→ Exercise brief
Your answer must be the lines of the material below, exactly as written, from its first line through the line with "calendar year แปลว่า?, คำศัพท์ภาษาอังกฤษ", and no pictures.

→ Dataset content
------------------------------------------------------------

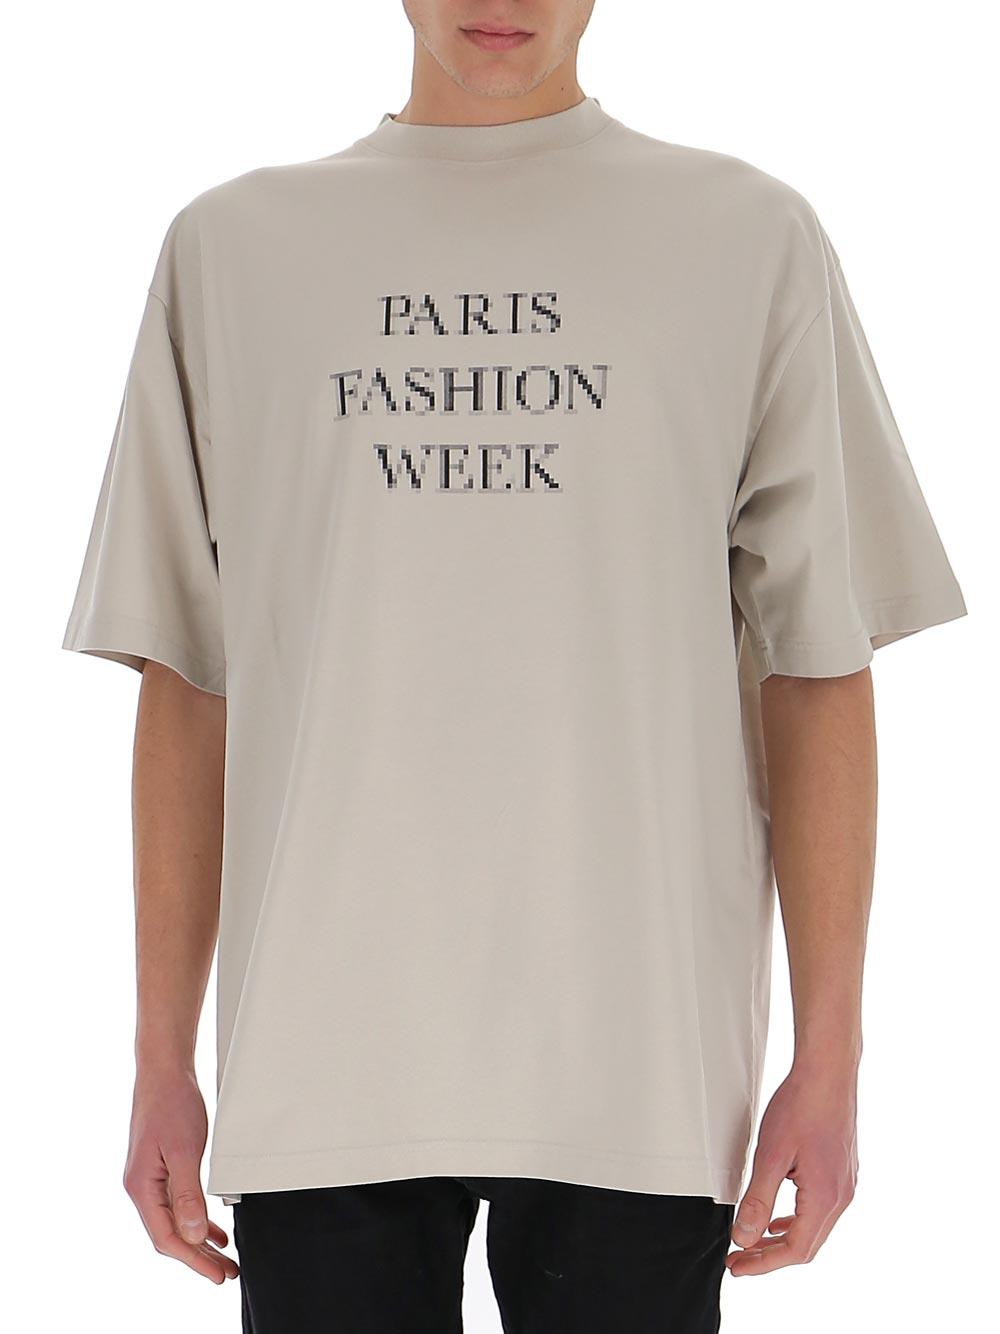 BALENCIAGA PARIS FASHION WEEK Tシャツ
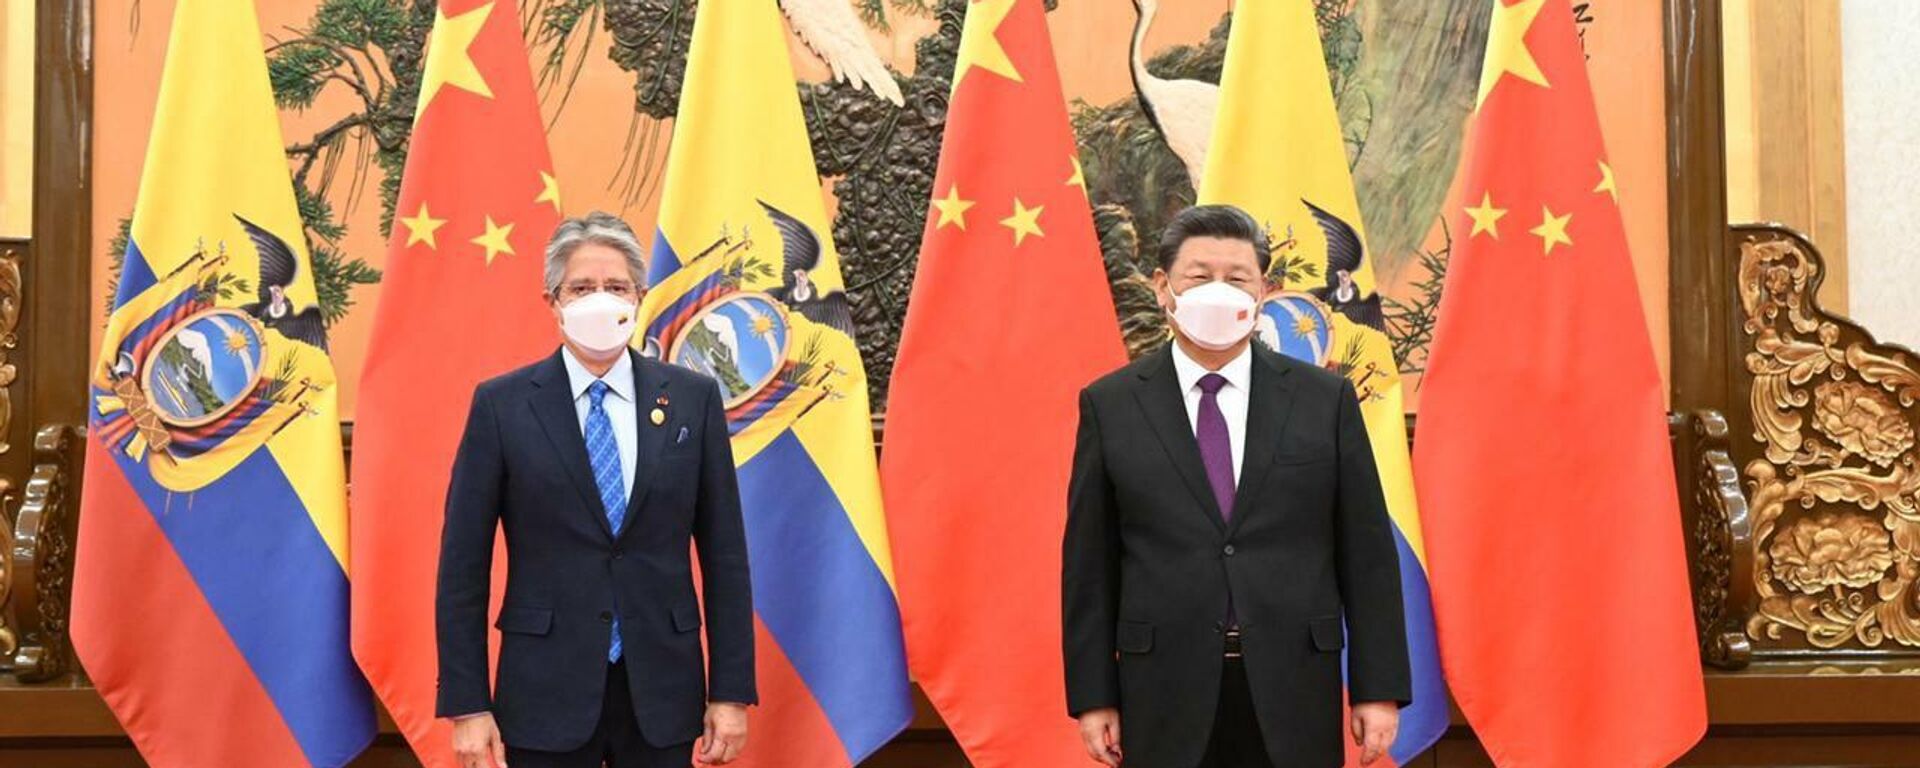 El presidente de Ecuador, Guillermo Lasso, con su homólogo chino, Xi Jinping - Sputnik Mundo, 1920, 05.02.2022
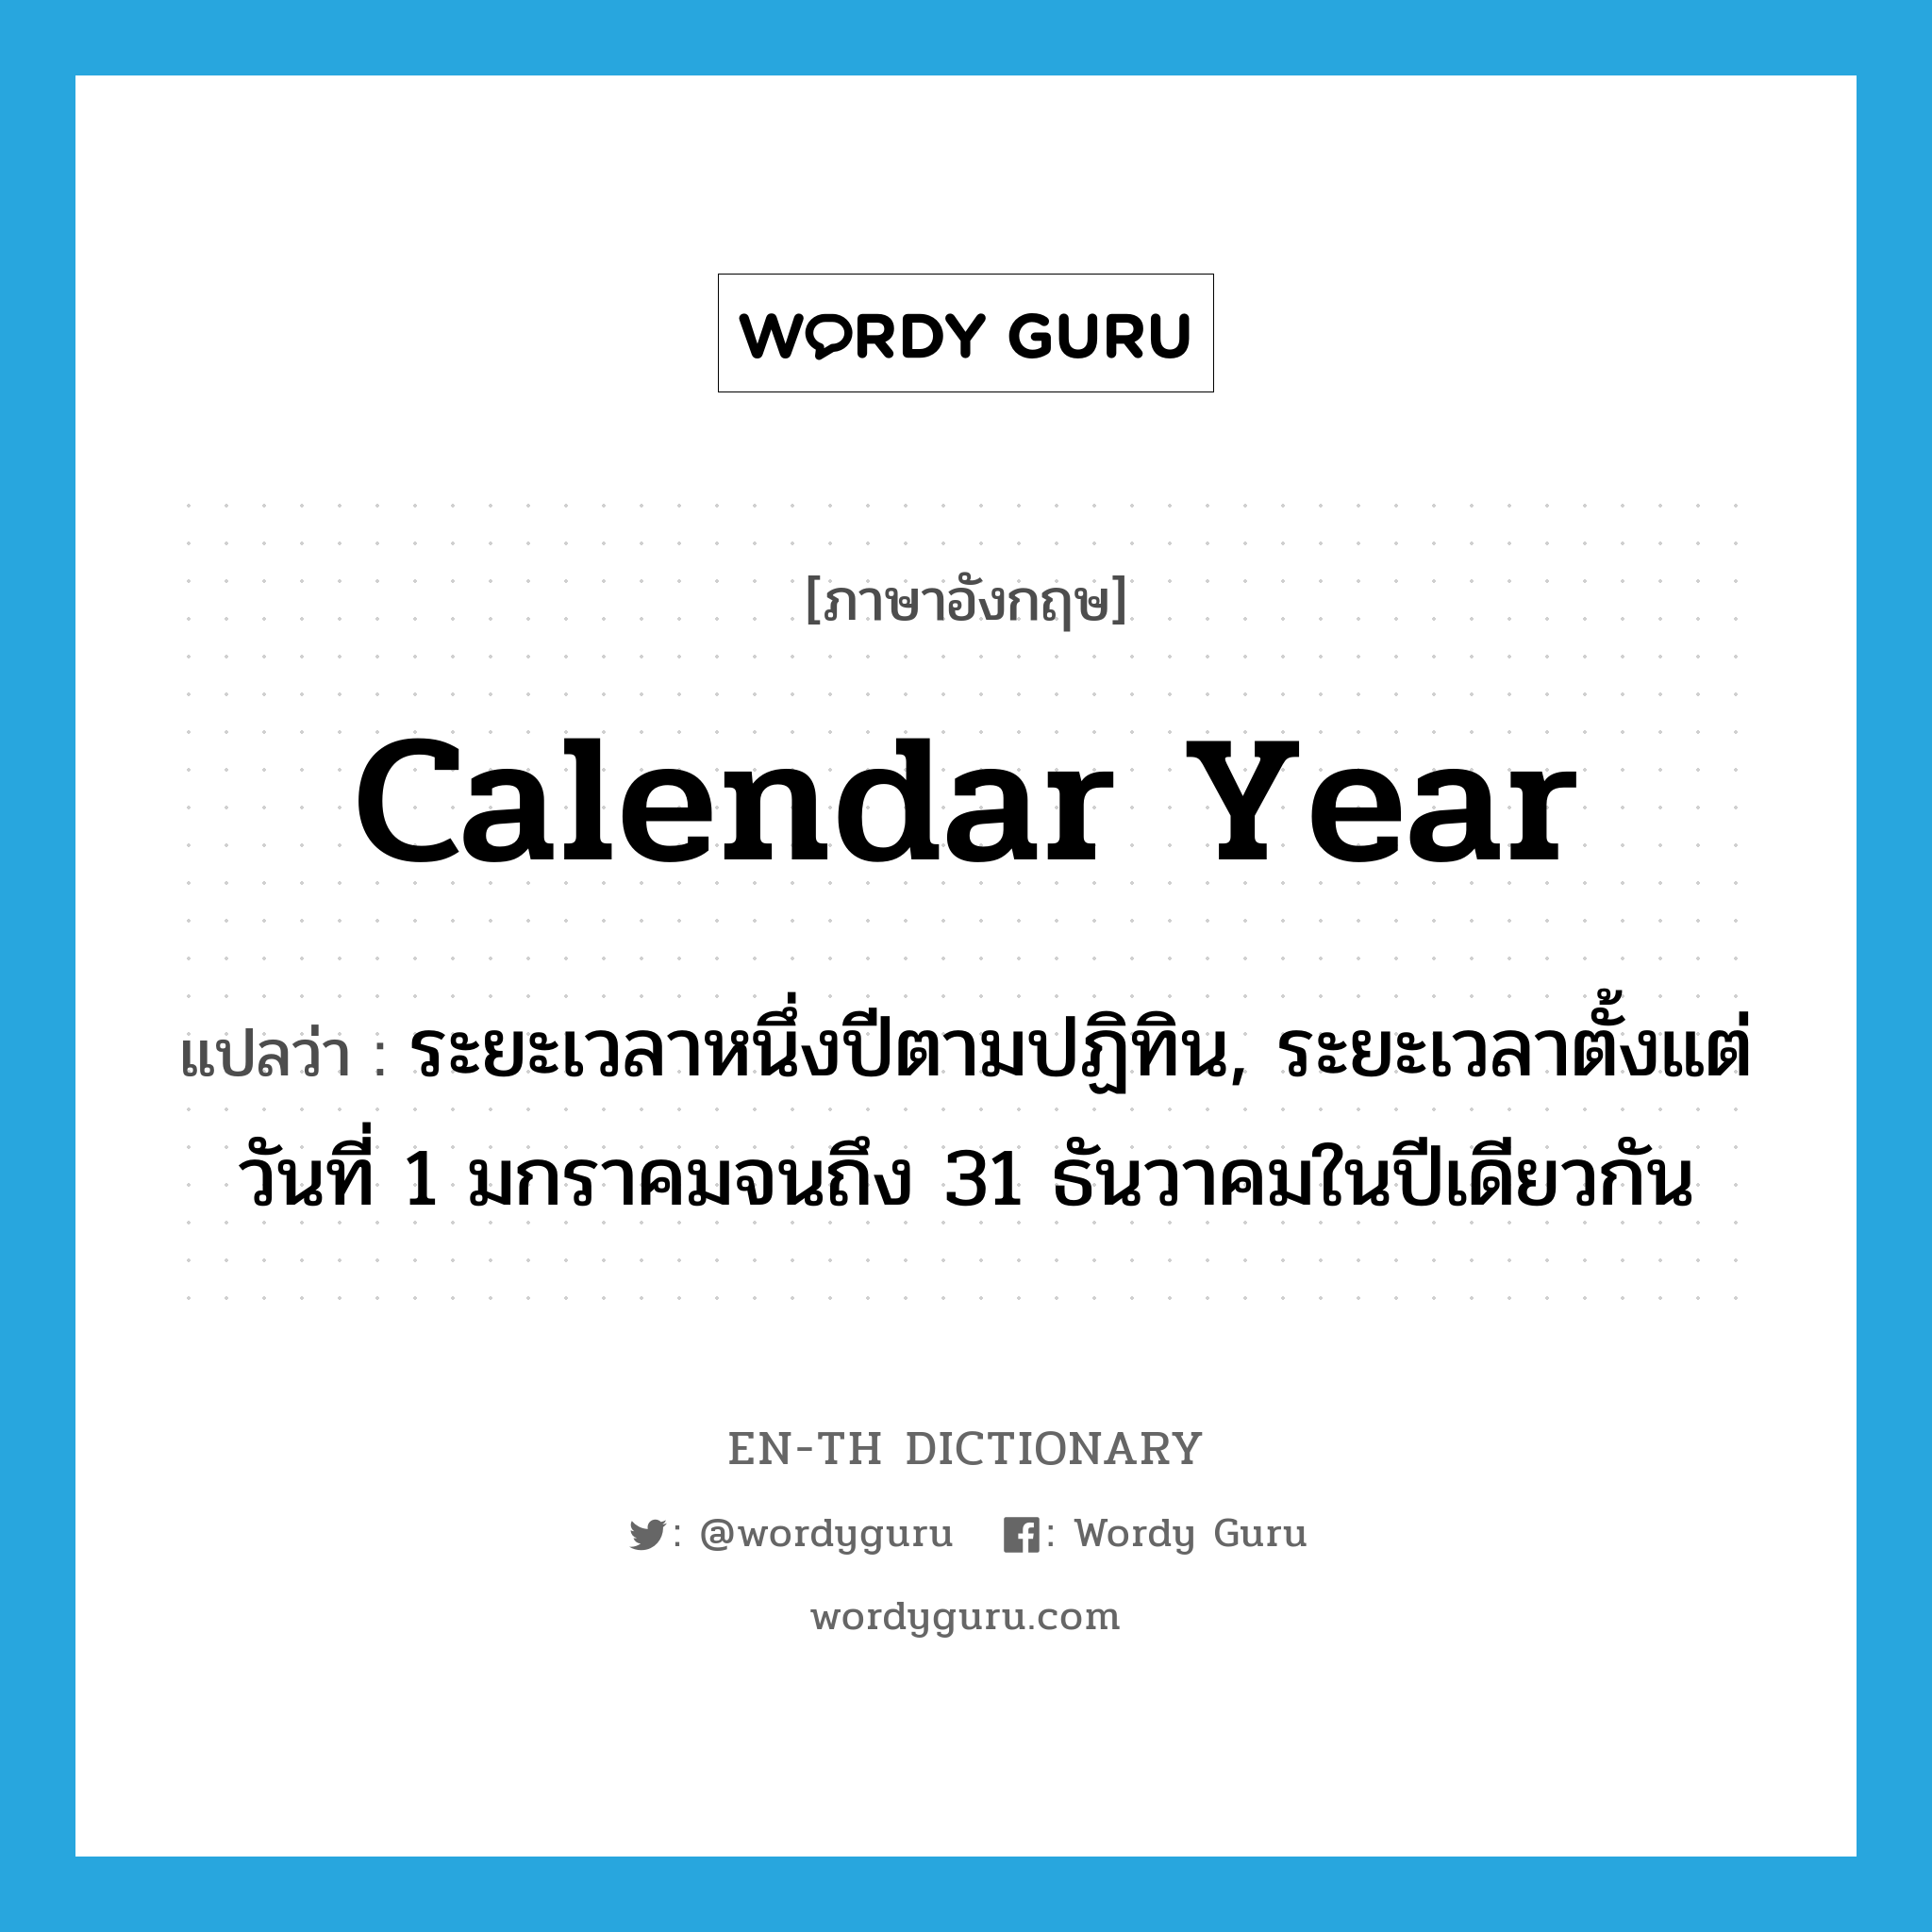 calendar year แปลว่า?, คำศัพท์ภาษาอังกฤษ calendar year แปลว่า ระยะเวลาหนึ่งปีตามปฏิทิน, ระยะเวลาตั้งแต่วันที่ 1 มกราคมจนถึง 31 ธันวาคมในปีเดียวกัน ประเภท N หมวด N
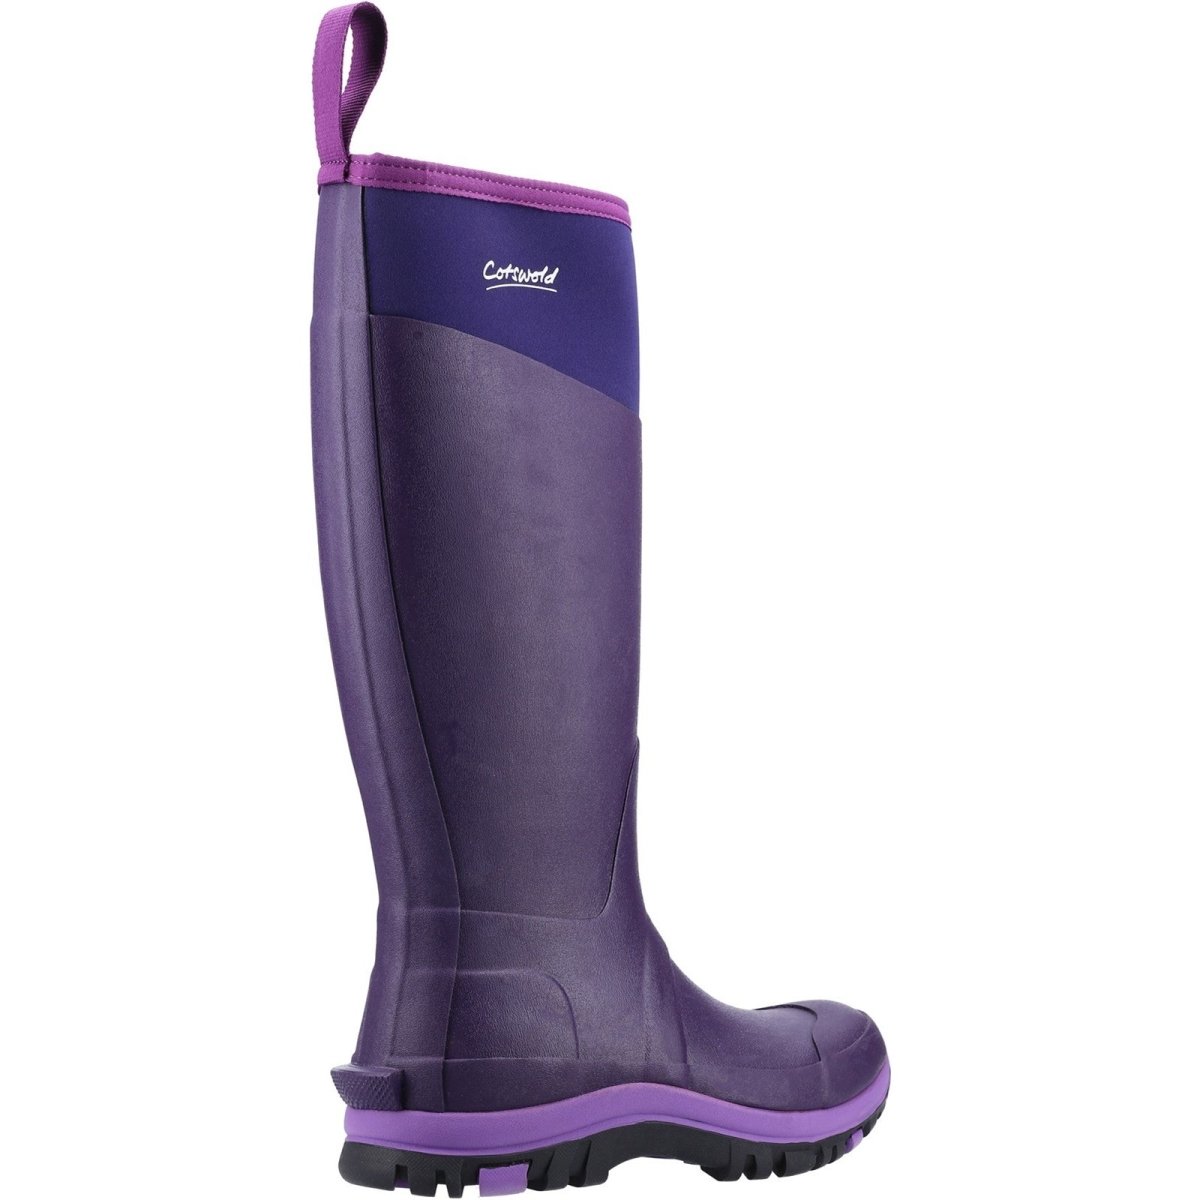 Cotswold Wenworth Waterproof Ladies Wellington Boots - Shoe Store Direct

------------------------------------------------------------

→ Written answer
 BALENCIAGA PARIS FASHION WEEK Tシャツ
 El presidente de Ecuador, Guillermo Lasso, con su homólogo chino, Xi Jinping - Sputnik Mundo, 1920, 05.02.2022
 calendar year แปลว่า?, คำศัพท์ภาษาอังกฤษ calendar year แปลว่า ระยะเวลาหนึ่งปีตามปฏิทิน, ระยะเวลาตั้งแต่วันที่ 1 มกราคมจนถึง 31 ธันวาคมในปีเดียวกัน ประเภท N หมวด N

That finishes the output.